Consider the following statement and identify the wrong statements. Statement I: Accepting null hypothesis, when it is false, is called a level of significance. Statement II: $$1 – \alpha $$ is called power of a test. Statement III: Critical value of $$Z$$ – static for two-tailed test at 5% level of significance is 1.96.

Statements I, II and III
Statements I and III
Statements II and III
Statements I and II

The correct answer is: Statements I and II.

Statement I is incorrect because accepting the null hypothesis when it is false is called a type II error. Statement II is correct because $1 – \alpha$ is called the power of a test. Statement III is correct because the critical value of $Z$-statistic for a two-tailed test at 5% level of significance is 1.96.

Here is a brief explanation of each statement:

  • Statement I: Accepting null hypothesis, when it is false, is called a level of significance.
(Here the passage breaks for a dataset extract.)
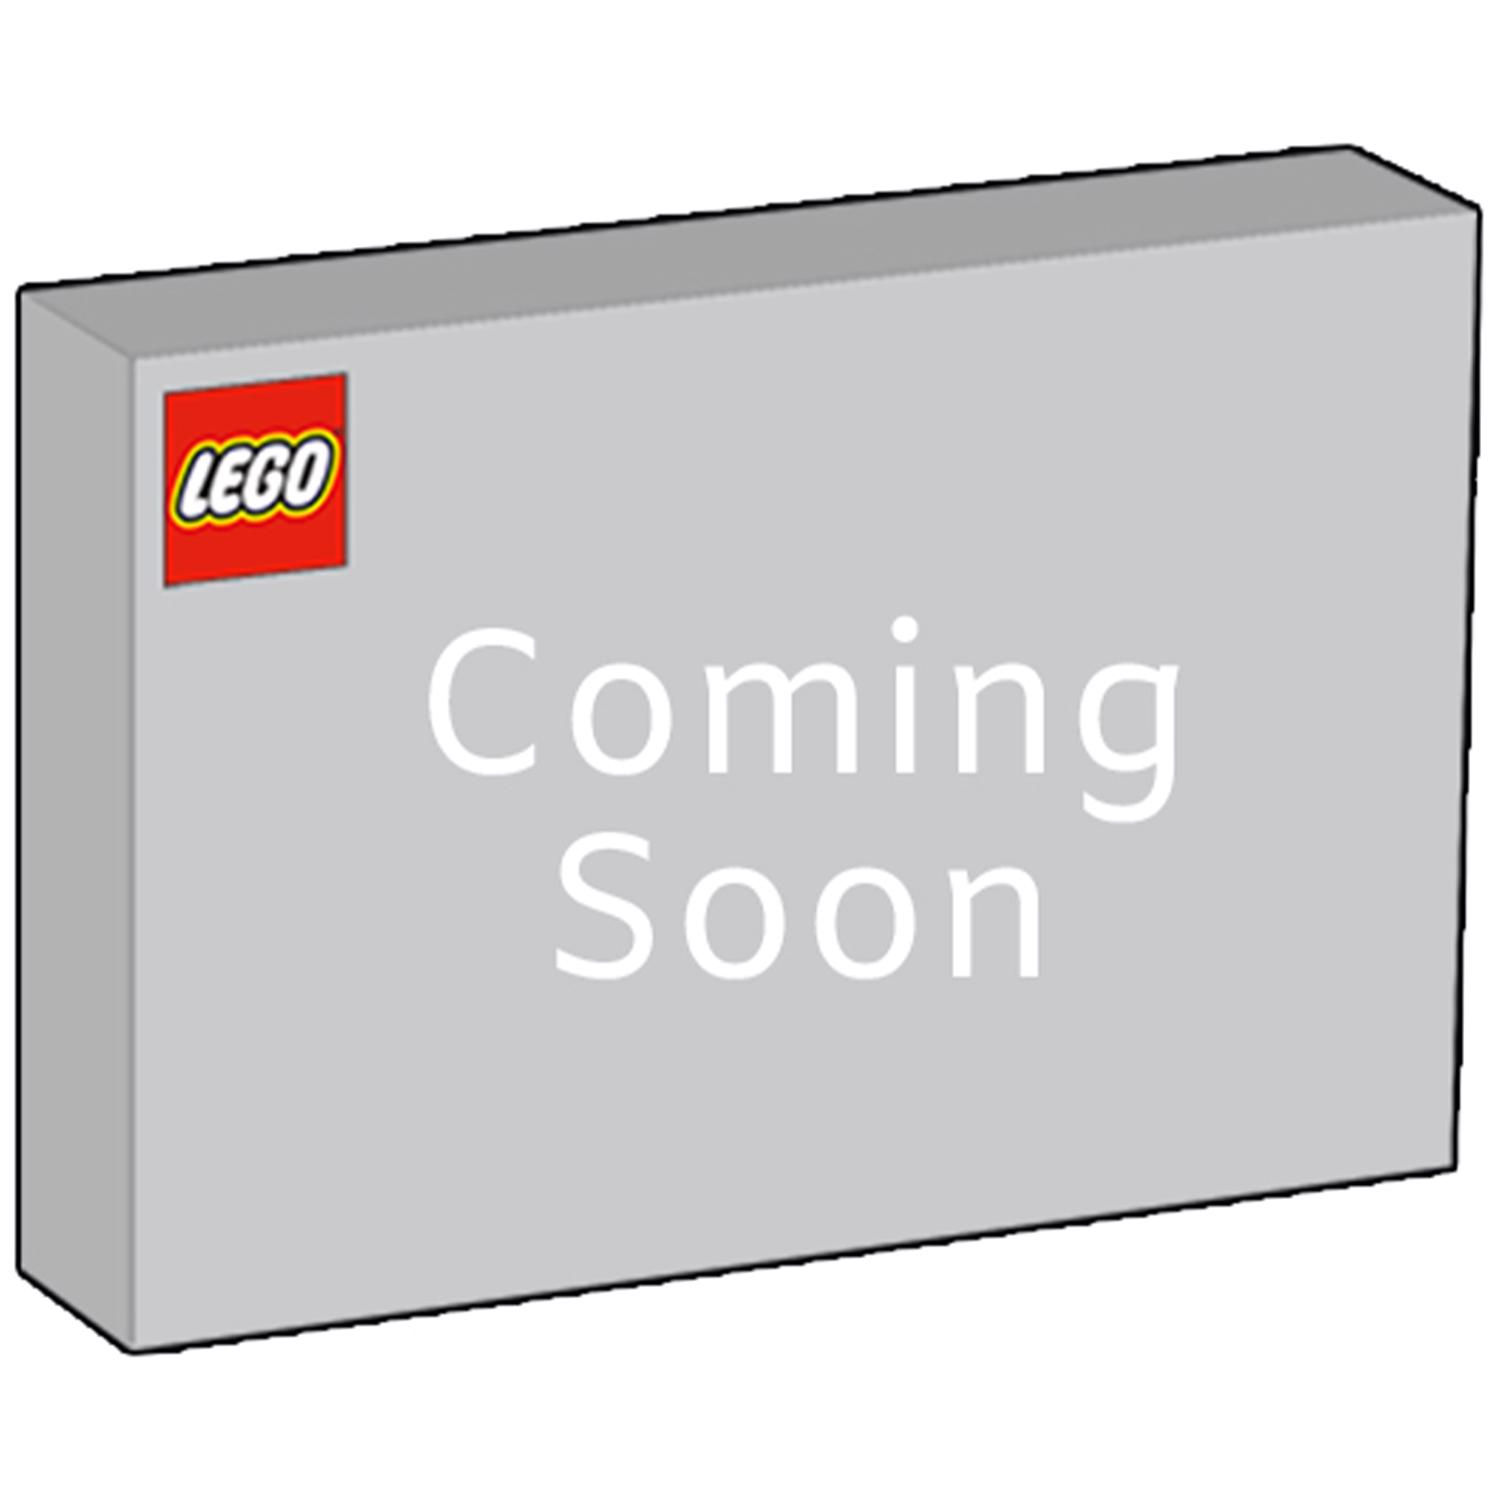 Photos - Construction Toy Lego Disney Advent Calendar Multicolored 312 pc 43253

This is incorrect. Accepting the null hypothesis when it is false is called a type II error. The level of significance is the probability of rejecting the null hypothesis when it is true.
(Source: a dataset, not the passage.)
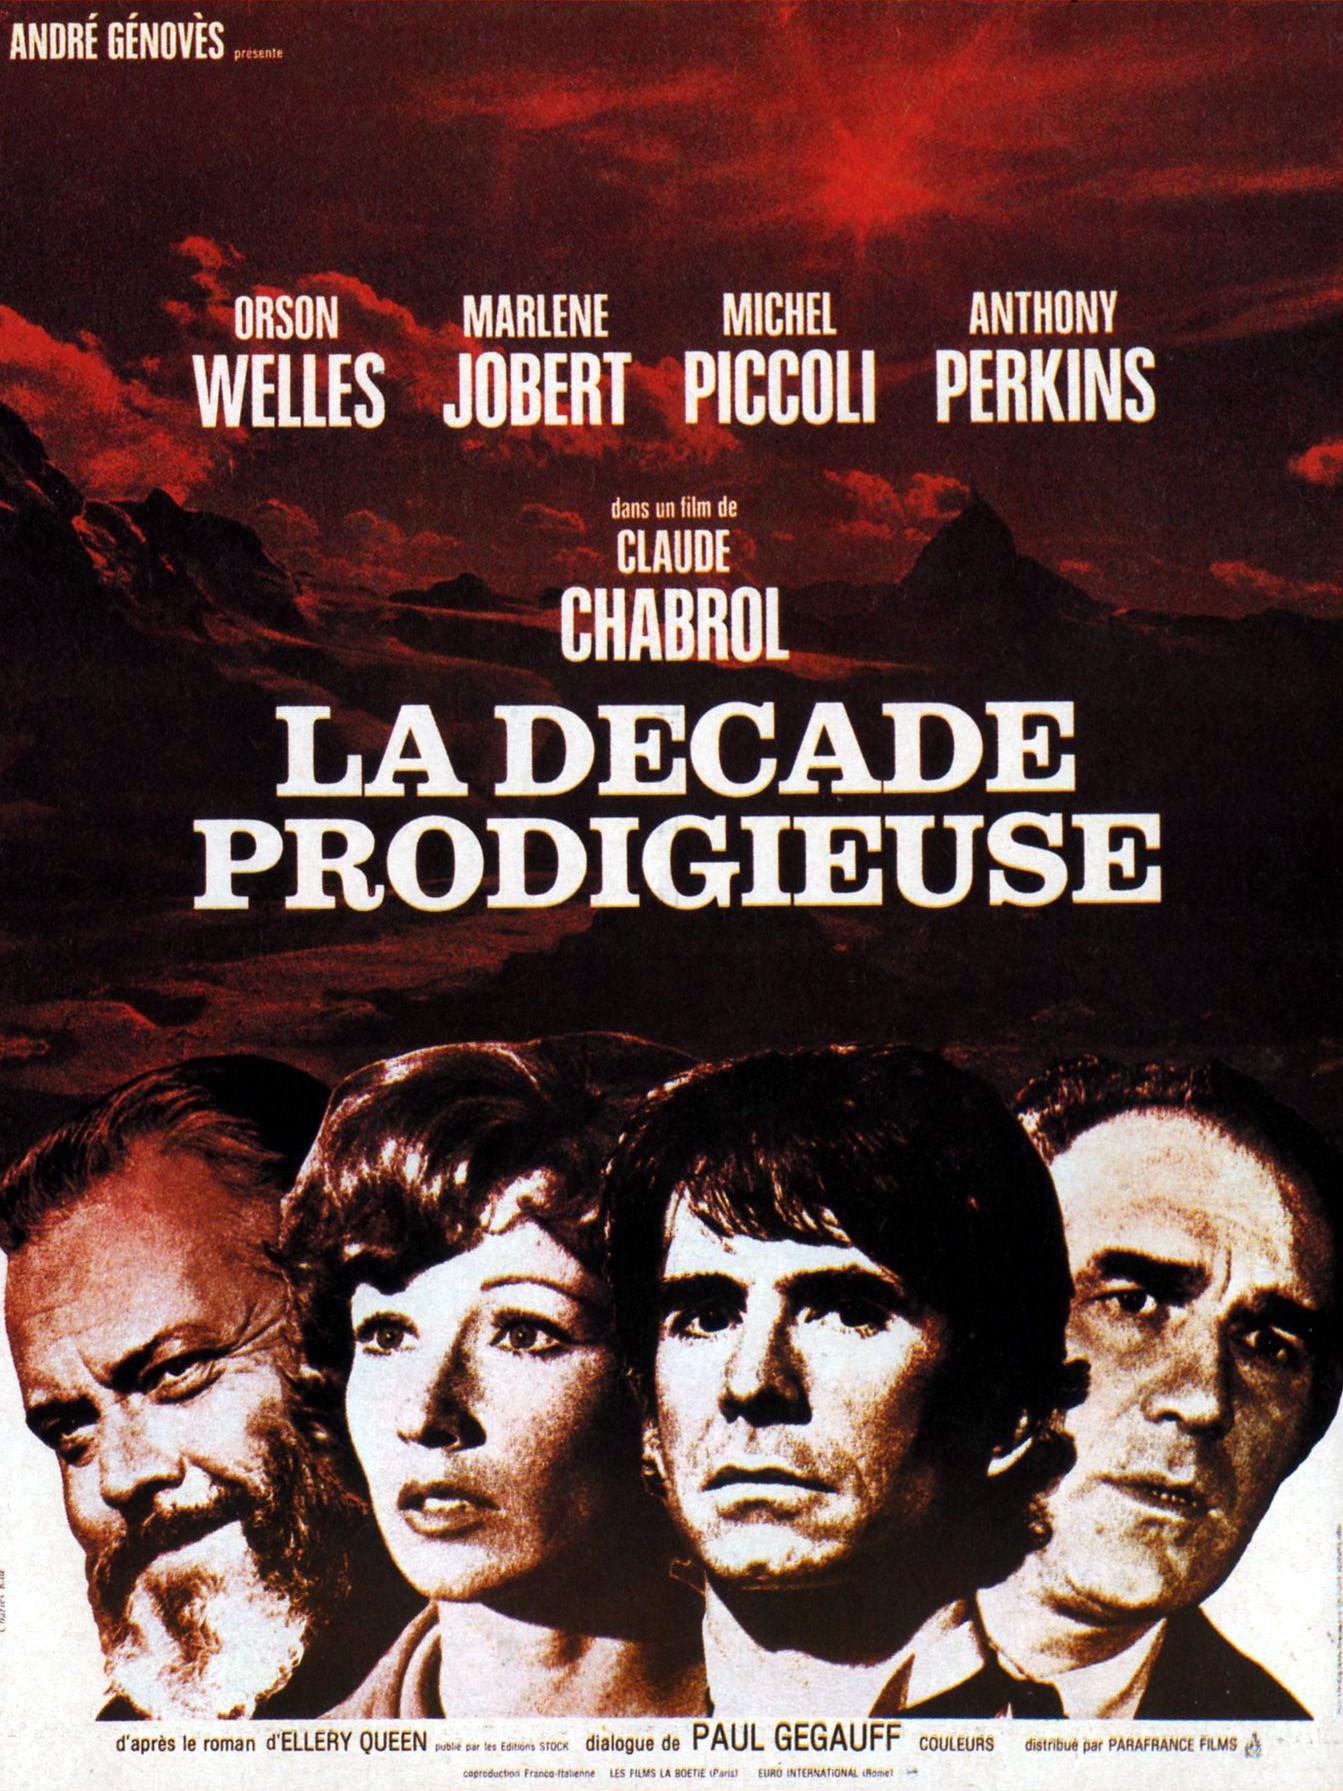 La Decade Prodigieuse [1971]

  • Statement II: $1 – \alpha$ is called power of a test.

This is correct. The power of a test is the probability of rejecting the null hypothesis when it is false. It is equal to $1 – \alpha$, where $\alpha$ is the level of significance.

  • Statement III: Critical value of $Z$-static for two-tailed test at 5% level of significance is 1.96.

This is correct. The critical value of $Z$-statistic for a two-tailed test at 5% level of significance is 1.96. This means that if the $Z$-statistic is greater than or equal to 1.96, we reject the null hypothesis.